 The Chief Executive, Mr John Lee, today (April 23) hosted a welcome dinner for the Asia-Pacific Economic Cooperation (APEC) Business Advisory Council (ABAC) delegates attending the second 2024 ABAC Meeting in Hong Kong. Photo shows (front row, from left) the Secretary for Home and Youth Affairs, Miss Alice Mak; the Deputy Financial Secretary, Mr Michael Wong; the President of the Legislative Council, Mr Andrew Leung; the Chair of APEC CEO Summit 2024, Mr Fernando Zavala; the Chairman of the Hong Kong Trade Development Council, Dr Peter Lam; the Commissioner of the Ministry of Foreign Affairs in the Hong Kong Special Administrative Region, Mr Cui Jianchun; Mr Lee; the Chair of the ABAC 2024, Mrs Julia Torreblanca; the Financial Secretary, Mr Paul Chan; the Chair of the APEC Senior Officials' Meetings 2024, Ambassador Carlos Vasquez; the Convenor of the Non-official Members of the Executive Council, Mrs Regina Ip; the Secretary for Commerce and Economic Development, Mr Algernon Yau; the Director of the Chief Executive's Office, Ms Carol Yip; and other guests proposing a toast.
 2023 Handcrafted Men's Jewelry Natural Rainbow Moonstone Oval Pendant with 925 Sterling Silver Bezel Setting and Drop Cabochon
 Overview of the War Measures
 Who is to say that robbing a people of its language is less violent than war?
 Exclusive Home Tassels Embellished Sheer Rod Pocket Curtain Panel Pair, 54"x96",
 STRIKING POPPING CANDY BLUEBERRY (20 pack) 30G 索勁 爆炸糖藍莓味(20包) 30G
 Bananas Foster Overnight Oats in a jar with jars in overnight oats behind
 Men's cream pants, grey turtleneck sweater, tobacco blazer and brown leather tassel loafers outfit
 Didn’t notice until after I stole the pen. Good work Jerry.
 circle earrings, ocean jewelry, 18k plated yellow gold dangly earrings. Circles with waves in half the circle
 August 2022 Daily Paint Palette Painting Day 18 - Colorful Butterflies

### Work request
Set down the whole listing again, exactly as it was given.

### Your response
 The Chief Executive, Mr John Lee, today (April 23) hosted a welcome dinner for the Asia-Pacific Economic Cooperation (APEC) Business Advisory Council (ABAC) delegates attending the second 2024 ABAC Meeting in Hong Kong. Photo shows (front row, from left) the Secretary for Home and Youth Affairs, Miss Alice Mak; the Deputy Financial Secretary, Mr Michael Wong; the President of the Legislative Council, Mr Andrew Leung; the Chair of APEC CEO Summit 2024, Mr Fernando Zavala; the Chairman of the Hong Kong Trade Development Council, Dr Peter Lam; the Commissioner of the Ministry of Foreign Affairs in the Hong Kong Special Administrative Region, Mr Cui Jianchun; Mr Lee; the Chair of the ABAC 2024, Mrs Julia Torreblanca; the Financial Secretary, Mr Paul Chan; the Chair of the APEC Senior Officials' Meetings 2024, Ambassador Carlos Vasquez; the Convenor of the Non-official Members of the Executive Council, Mrs Regina Ip; the Secretary for Commerce and Economic Development, Mr Algernon Yau; the Director of the Chief Executive's Office, Ms Carol Yip; and other guests proposing a toast.
 2023 Handcrafted Men's Jewelry Natural Rainbow Moonstone Oval Pendant with 925 Sterling Silver Bezel Setting and Drop Cabochon
 Overview of the War Measures
 Who is to say that robbing a people of its language is less violent than war?
 Exclusive Home Tassels Embellished Sheer Rod Pocket Curtain Panel Pair, 54"x96",
 STRIKING POPPING CANDY BLUEBERRY (20 pack) 30G 索勁 爆炸糖藍莓味(20包) 30G
 Bananas Foster Overnight Oats in a jar with jars in overnight oats behind
 Men's cream pants, grey turtleneck sweater, tobacco blazer and brown leather tassel loafers outfit
 Didn’t notice until after I stole the pen. Good work Jerry.
 circle earrings, ocean jewelry, 18k plated yellow gold dangly earrings. Circles with waves in half the circle
 August 2022 Daily Paint Palette Painting Day 18 - Colorful Butterflies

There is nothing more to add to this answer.